Atmospheric heterogeneous reaction of chlorobenzene on mineral α-Fe2O3 particulates: a chamber experiment study

Despite the large emission of chlorinated volatile organic compounds (CVOCs) into the atmosphere, the ultimate fate of these compounds remains largely unknown. Herein, we explore the photochemical conversion of an important class of CVOCs, namely chlorobenzene (CB), on mineral a-Fe2O3 particulates under atmospheric relevant conditions. A series of chamber reactions composed of the CB with/without SO2 or NO2 are performed, followed by in situ diffuse reflectance infrared Fourier transform spectroscopy measurements and density functional theory calculations. We show that CB can be considerably degraded by a-Fe2O3 under light irradiation, whereas the reaction is markedly suppressed by adding SO2 or NO2 owing to their competitive adsorption and surface acidification. In particular, we discover that CB can be ultimately converted into polychlorinated dibenzo-p-dioxins and dibenzofurans (PCDD/Fs) under dark state or light irradiation, suggesting a possible origin of atmospheric PCDD/Fs from this overlooked photochemical source.

Automated summary

This study explores the photochemical conversion of chlorobenzene (CB), an important class of chlorinated volatile organic compounds (CVOCs), on mineral a-Fe2O3 particulates under atmospheric relevant conditions.

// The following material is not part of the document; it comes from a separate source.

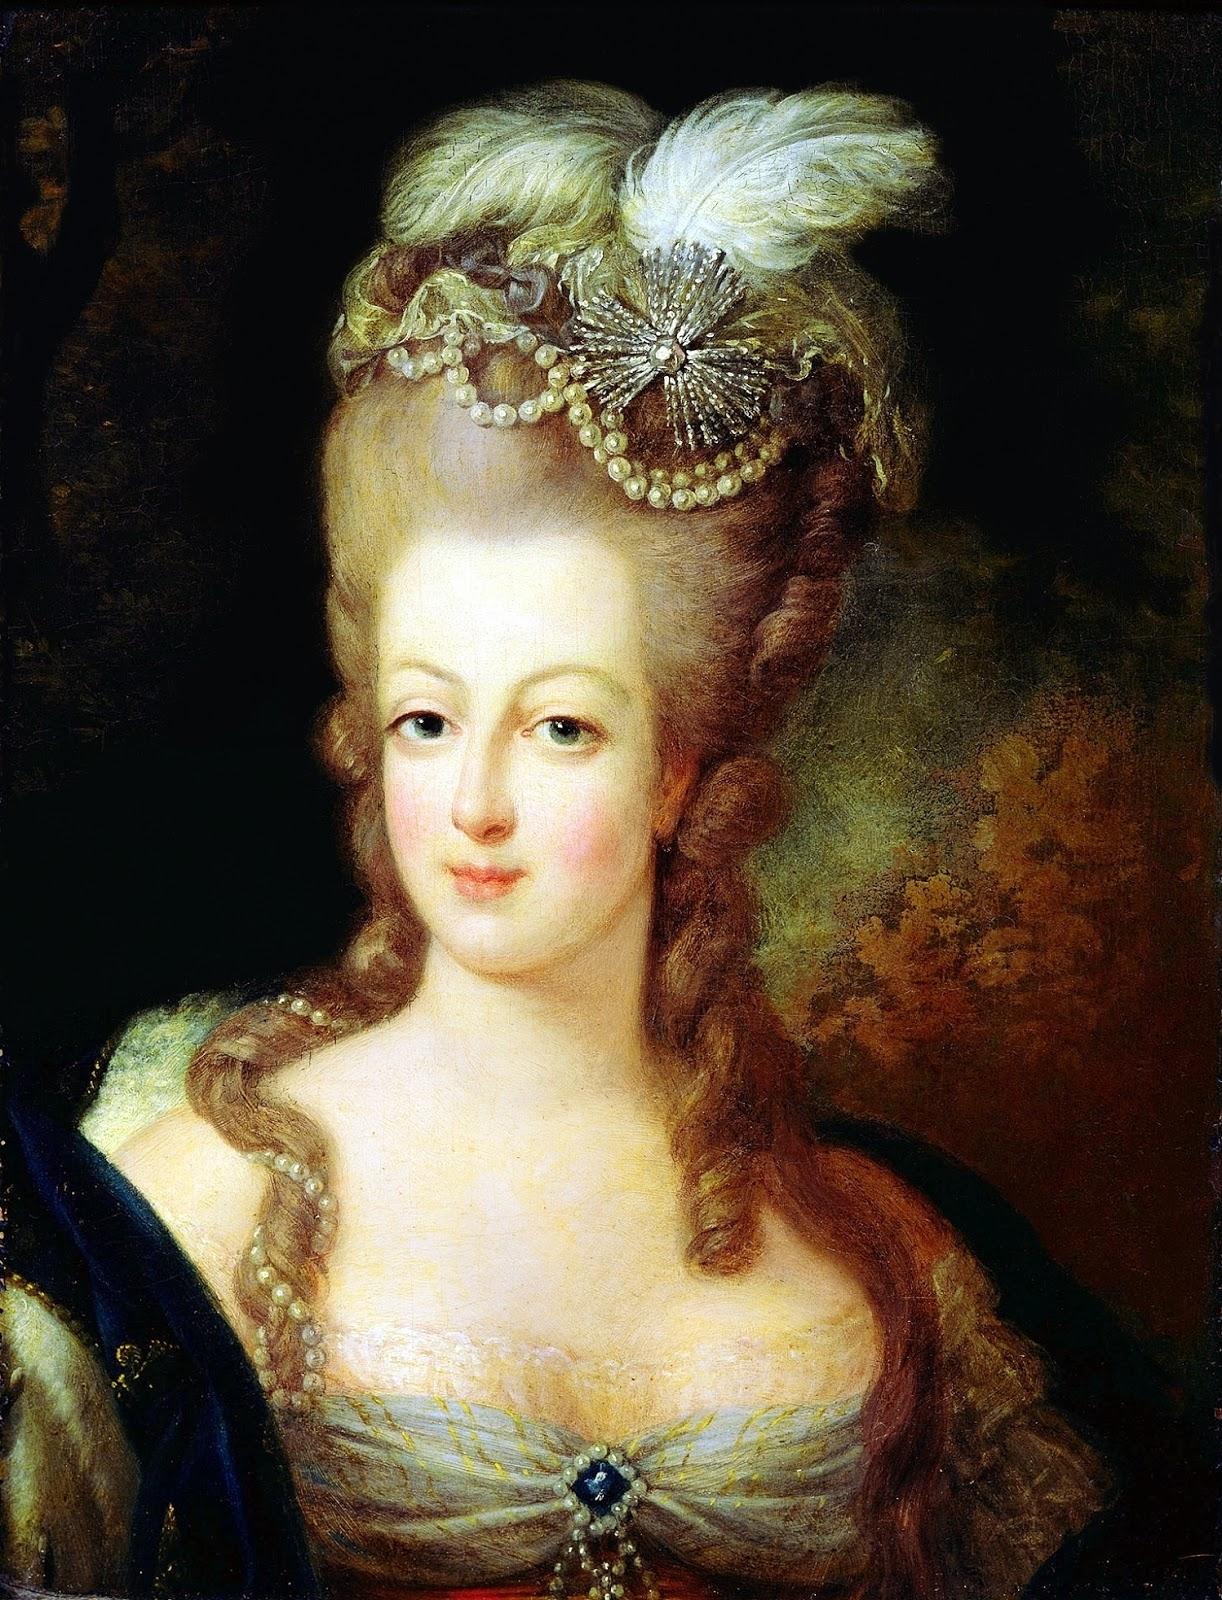 {{Information |Description={{en|1=Portrait of Queen Marie Antoinette of France, 1775.}} |Source=Scan |Author=Jean-Baptiste Gautier Dagoty (1740-1786) |Date=ca. 1775 |Permission= |other_versions=http://commons.wikimedia.org/wiki/File:Marie-Antoinette,_1775

It is found that CB can be significantly degraded by a-Fe2O3 under light irradiation, but the reaction is suppressed by the addition of SO2 or NO2 due to competitive adsorption and surface acidification. Additionally, CB can ultimately be converted into polychlorinated dibenzo-p-dioxins and dibenzofurans (PCDD/Fs) under dark or light conditions, providing a possible origin of atmospheric PCDD/Fs from this overlooked photochemical source.